Servo Motor Control Using 8051 Microcontroller

Updated: 3 days ago

Introduction


Servo motors are widely used in robotics, industrial automation, and control systems due to their precise control over angular position. Controlling a servo motor involves generating precise pulse width modulation (PWM) signals. This article explores the design and implementation of a servo motor control system using the 8051 microcontroller, a versatile and widely-used microcontroller.





Components Required


  1. 8051 Microcontroller

  2. Servo Motor

  3. Push Buttons

  4. LCD Display (optional)

  5. Power Supply Unit

  6. Miscellaneous (Resistors, Capacitors, Diodes, etc.)


Circuit Diagram


The circuit diagram involves connecting the servo motor to the 8051 microcontroller, along with push buttons to control the position of the servo motor.

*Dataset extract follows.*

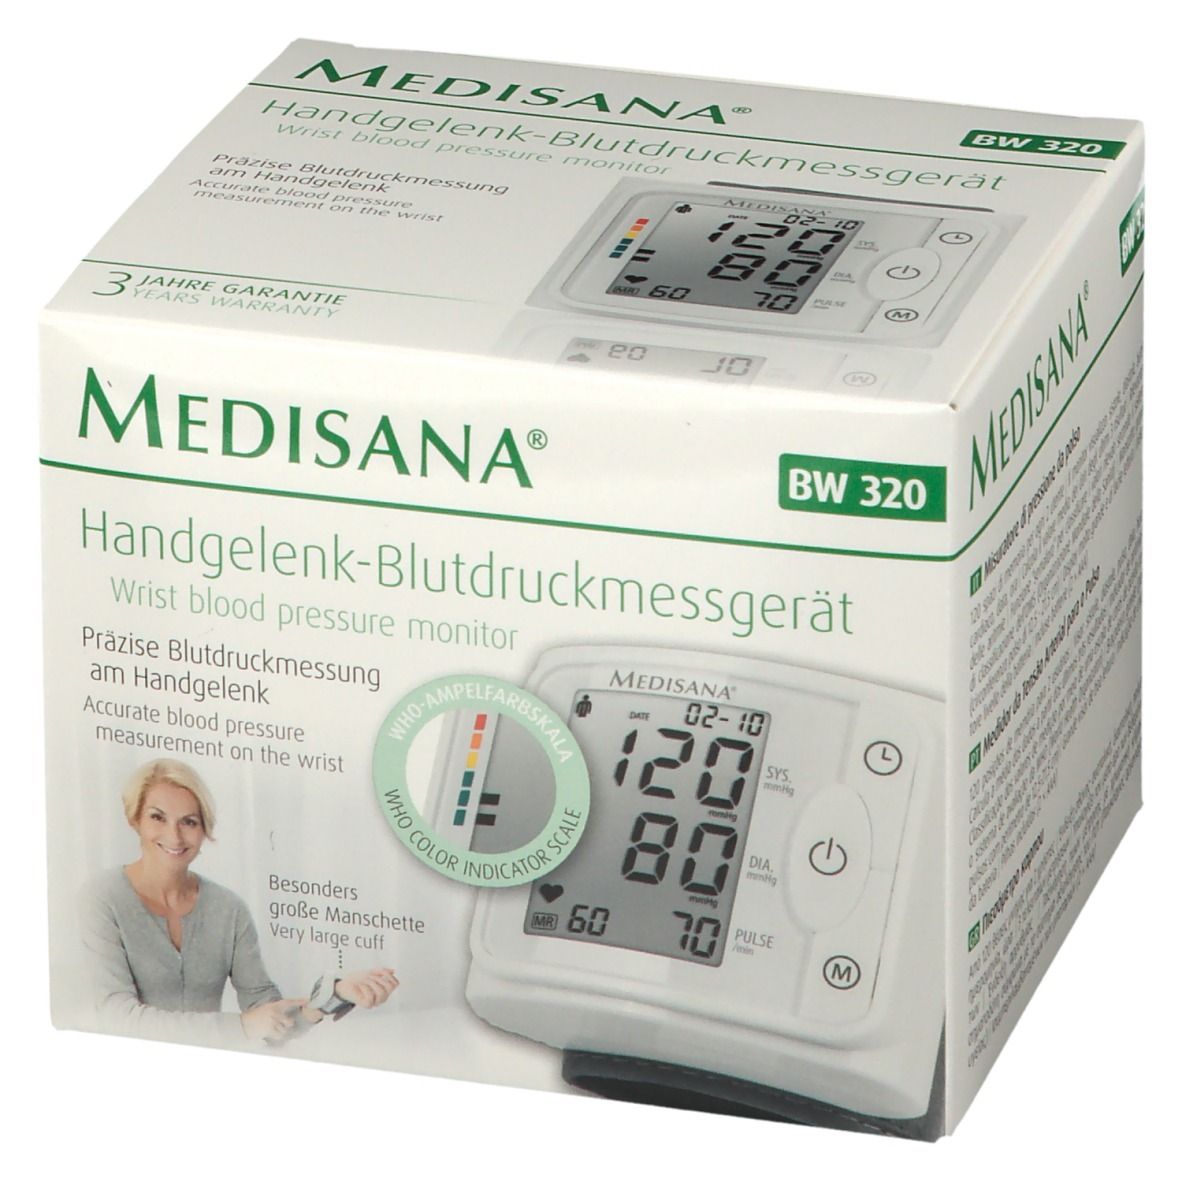 Medisana Handgelenk-Blutdruckmessgerät BW St 1 - Redcare Apotheke 320

Here is a brief overview of the connections:

  1. 8051 Microcontroller: The core processing unit that generates PWM signals to control the servo motor.

  2. Servo Motor: Connected to the microcontroller to receive PWM signals.

  3. Push Buttons: Used to adjust the position of the servo motor.

  4. LCD Display: Optional, used to display the current position of the servo motor.


Working Principle


The servo motor control system operates by generating PWM signals of varying duty cycles. Here's a step-by-step working principle:

  1. Initialization: The 8051 microcontroller initializes all peripherals, including the servo motor and push buttons.

  2. PWM Signal Generation: The microcontroller generates a PWM signal with a specific duty cycle to control the position of the servo motor.

  3. Position Adjustment: Push buttons are used to increase or decrease the duty cycle of the PWM signal, thus adjusting the servo motor's position.

  4. Display Position: The current position of the servo motor is optionally displayed on an LCD.


Software Implementation


The software for the 8051 microcontroller can be written in Embedded C. Below is a sample code snippet to illustrate the main functionalities:


#include <reg51.h>
#include <intrins.h>
// Define the pins for push buttons and servo motor
sbit Button1 = P3^0;  // Button to increase angle
sbit Button2 = P3^1;  // Button to decrease angle
sbit ServoPin = P2^0; // Servo motor control pin


void delay_us(unsigned int us) {
    while (us--) {
        _nop_();
    }
}
void delay_ms(unsigned int ms) {
    unsigned int i, j;
    for (i = 0; i < ms; i++)
        for (j = 0; j < 123; j++);
}
void servo_control(unsigned int angle) {
    unsigned int pulse_width;
    pulse_width = (angle * 1.5) + 500; // Convert angle to pulse width
    ServoPin = 1; // Set servo pin high
    delay_us(pulse_width); // Delay for the pulse width duration
    ServoPin = 0; // Set servo pin low
    delay_ms(20); // Delay for the rest of the 20 ms period
}
void main() {
    unsigned int angle = 90; // Initial angle of 90 degrees
    while (1) {
        if (Button1 == 0) { // If Button1 is pressed
            angle += 10; // Increase angle by 10 degrees
            if (angle > 180) angle = 180; // Limit angle to 180 degrees
            while (Button1 == 0); // Wait for button release
        }
        if (Button2 == 0) { // If Button2 is pressed
            angle -= 10; // Decrease angle by 10 degrees
            if (angle < 0) angle = 0; // Limit angle to 0 degrees
            while (Button2 == 0); // Wait for button release
        }
        servo_control(angle); // Control servo motor with the updated angle
    }
}




Detailed Explanation of Code


  1. Initialization: The pins for the servo motor and push buttons are defined. The initial angle of the servo motor is set to 90 degrees.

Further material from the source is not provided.